▶ [TASK] All of the listing is to be written out word for word, with the pictures left out.

▶ [DATA PROVIDED]
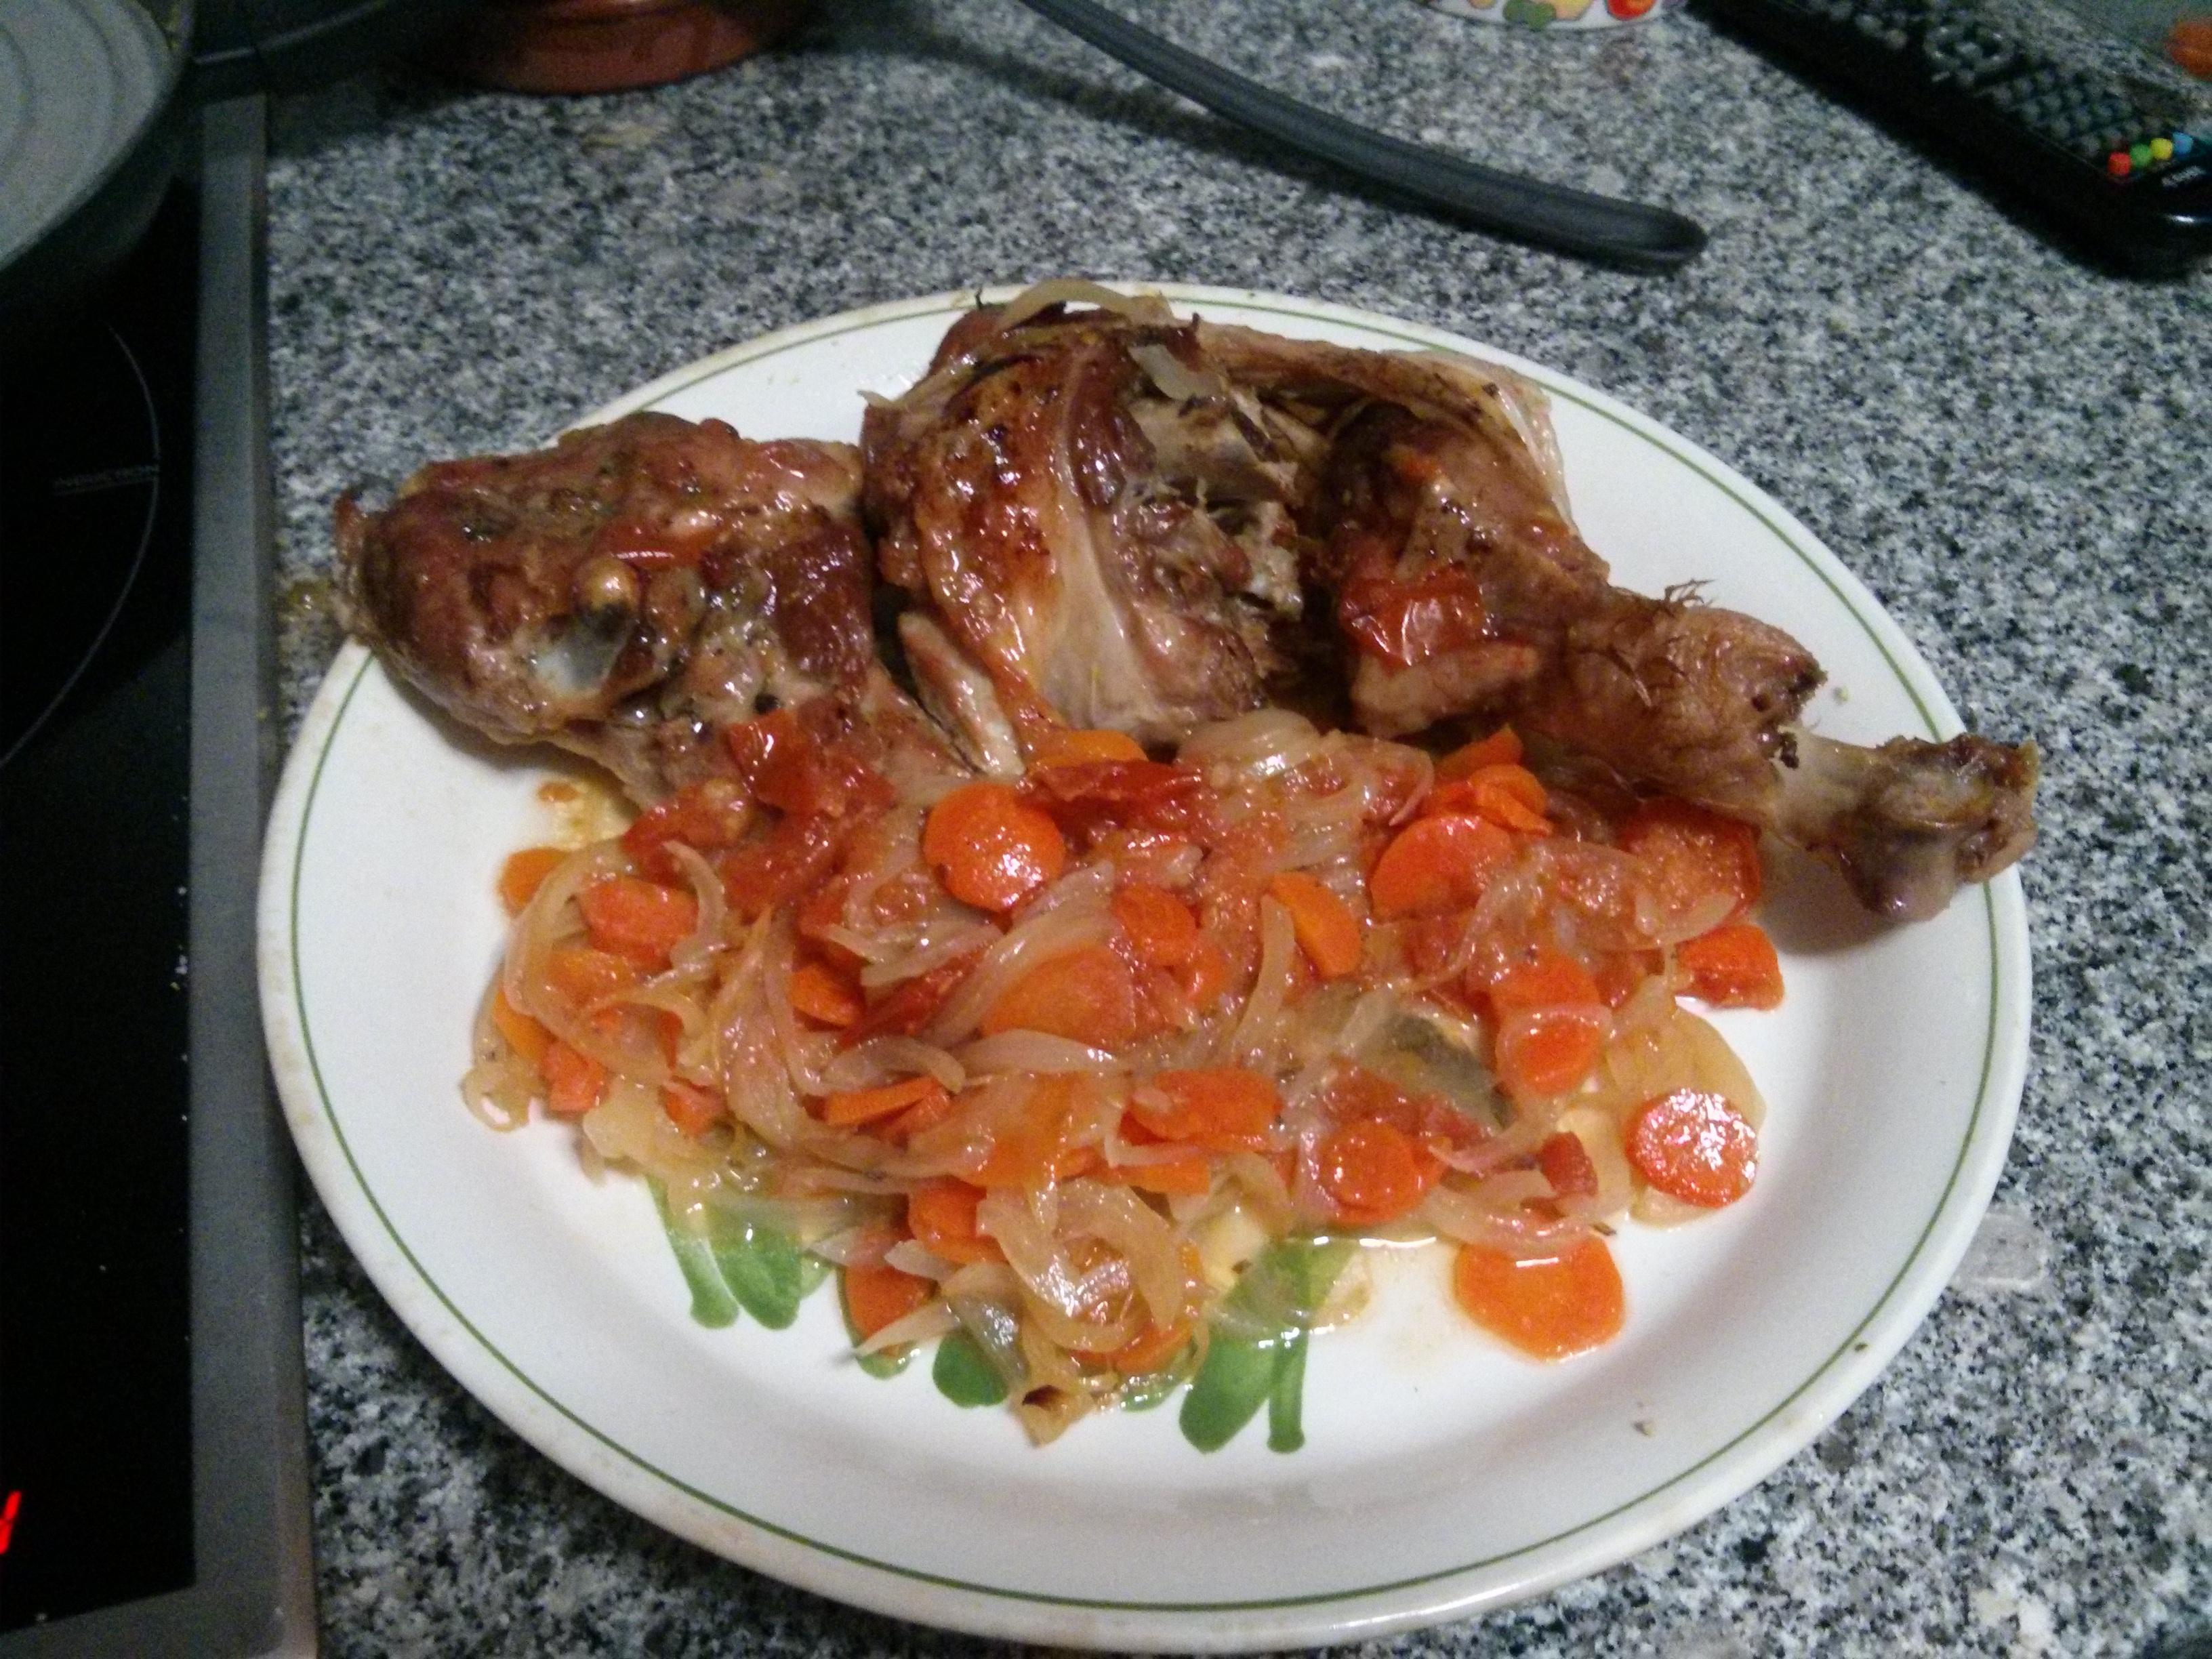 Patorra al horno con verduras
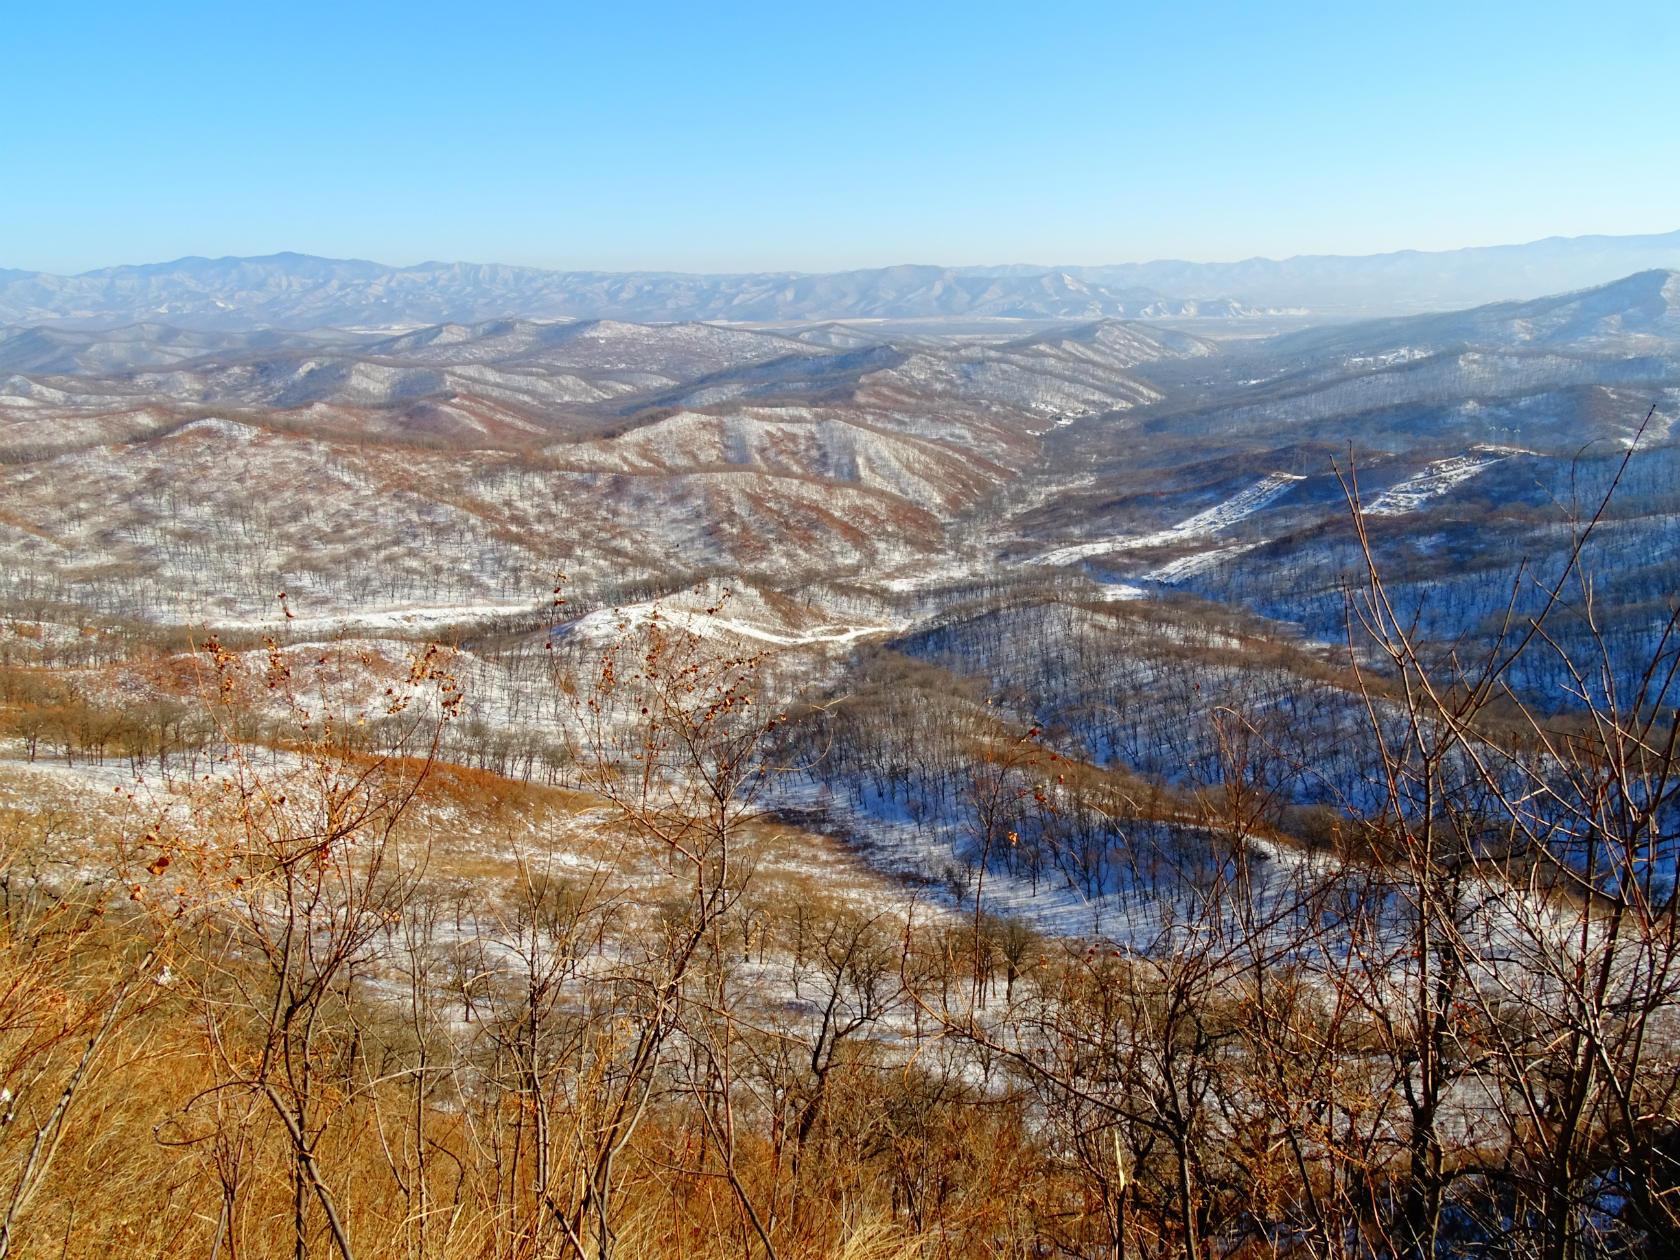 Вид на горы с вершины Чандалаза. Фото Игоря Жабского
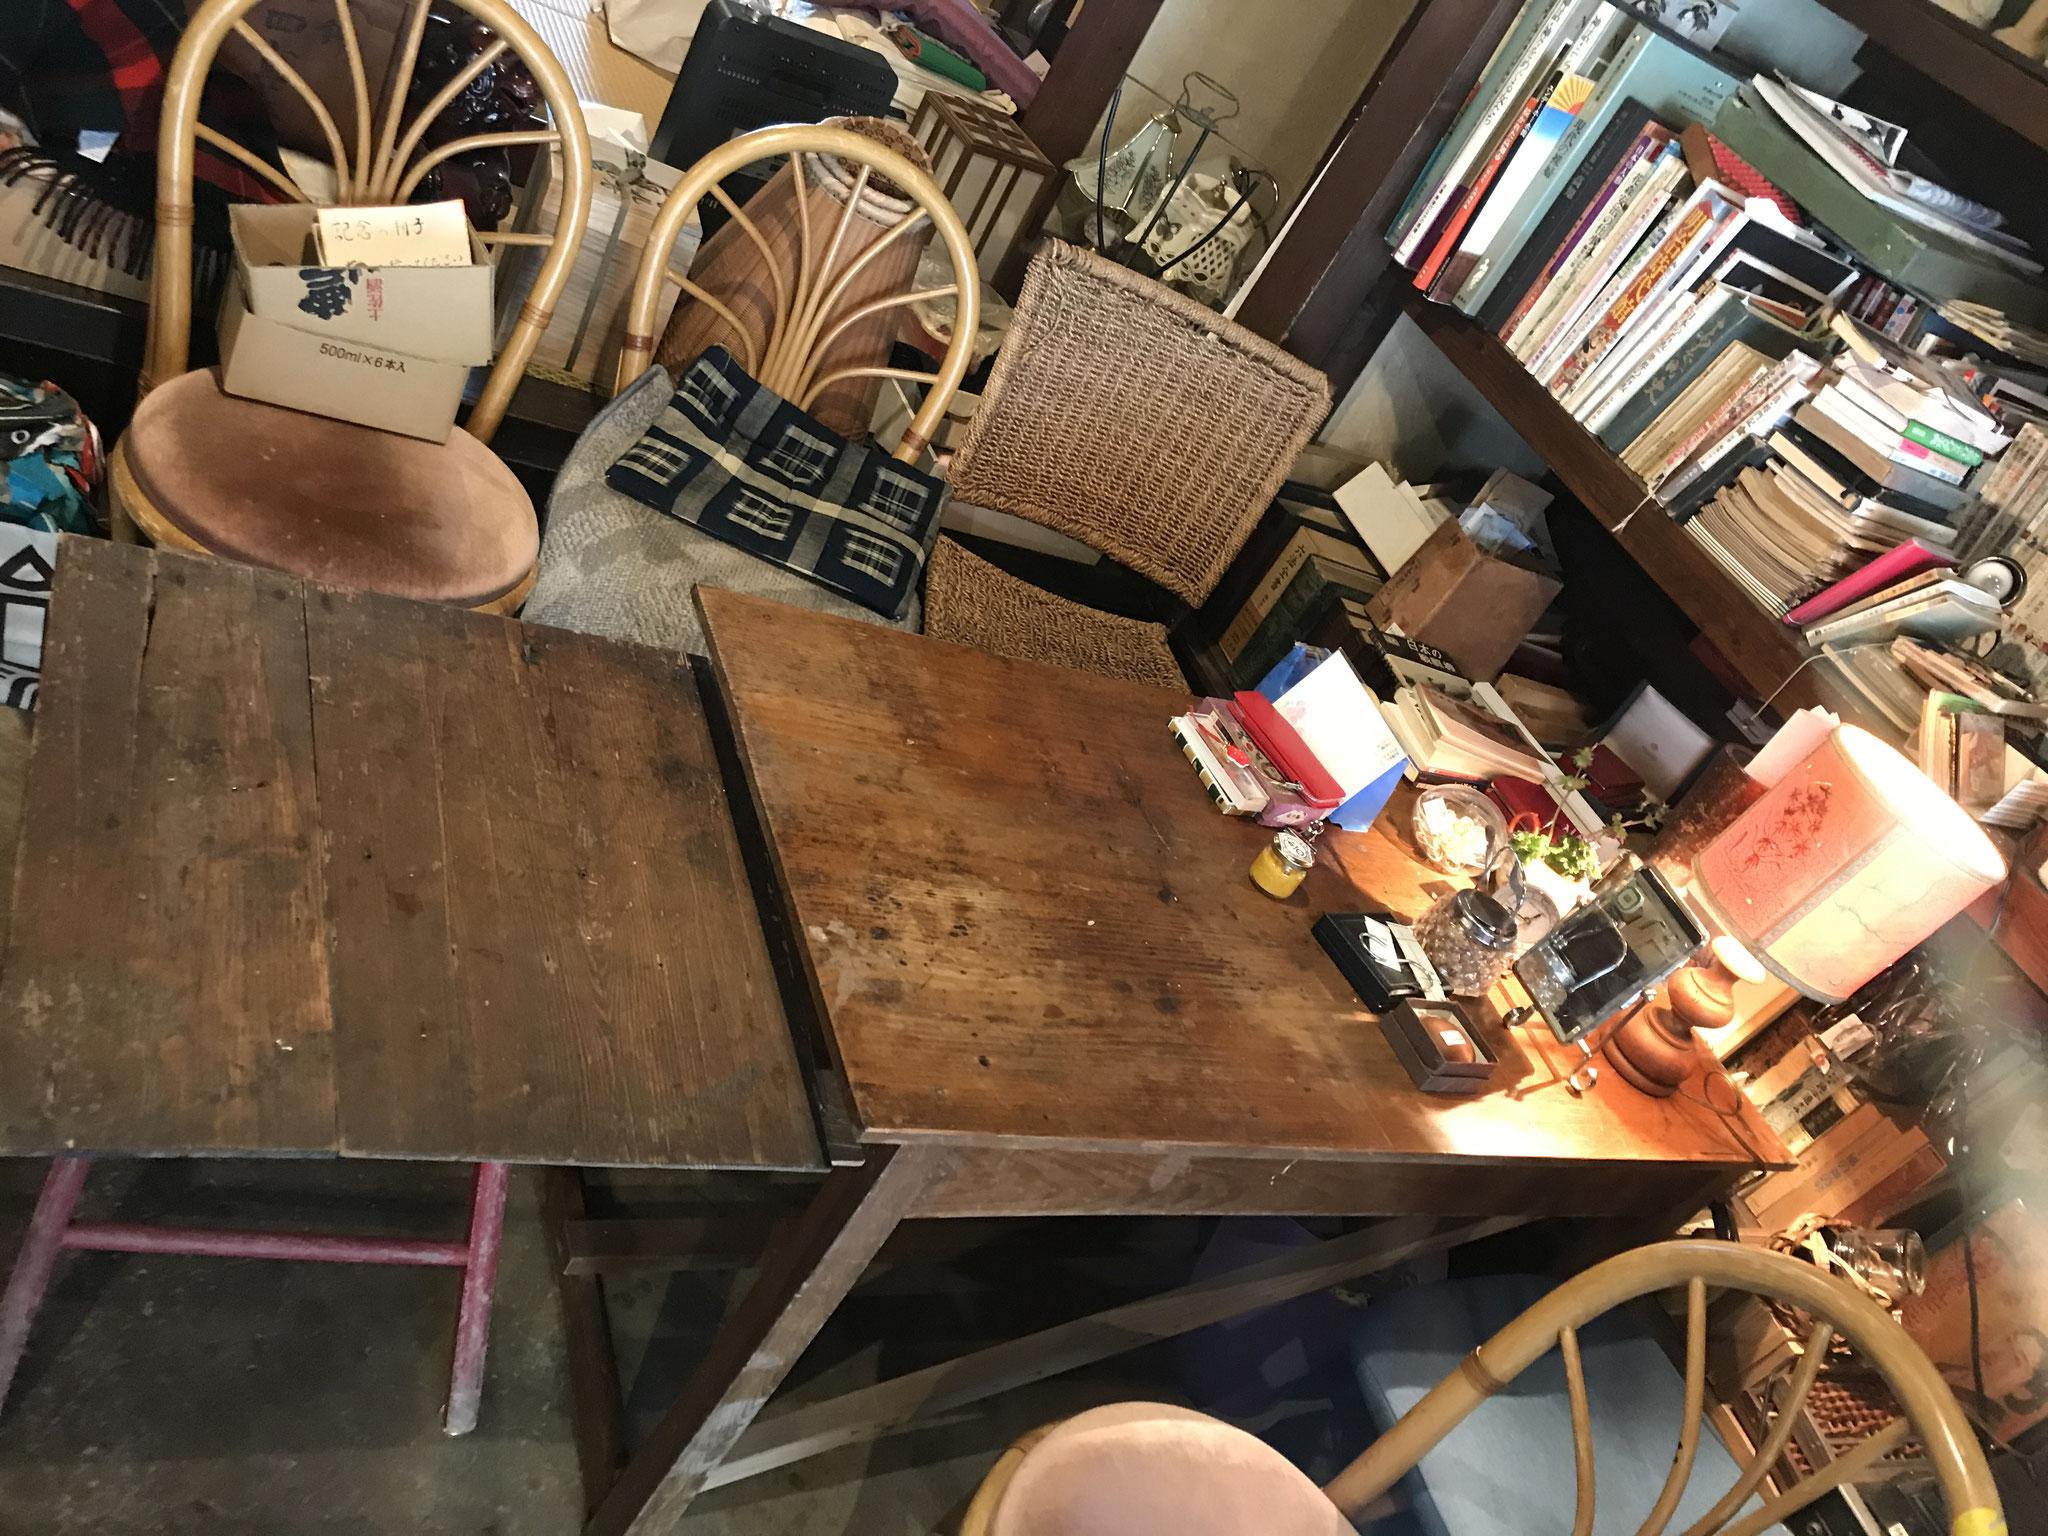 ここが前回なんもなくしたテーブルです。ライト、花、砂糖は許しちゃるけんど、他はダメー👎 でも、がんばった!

▶ [SOLUTION TO THE EXERCISE]
 Patorra al horno con verduras
 Вид на горы с вершины Чандалаза. Фото Игоря Жабского
 ここが前回なんもなくしたテーブルです。ライト、花、砂糖は許しちゃるけんど、他はダメー👎 でも、がんばった!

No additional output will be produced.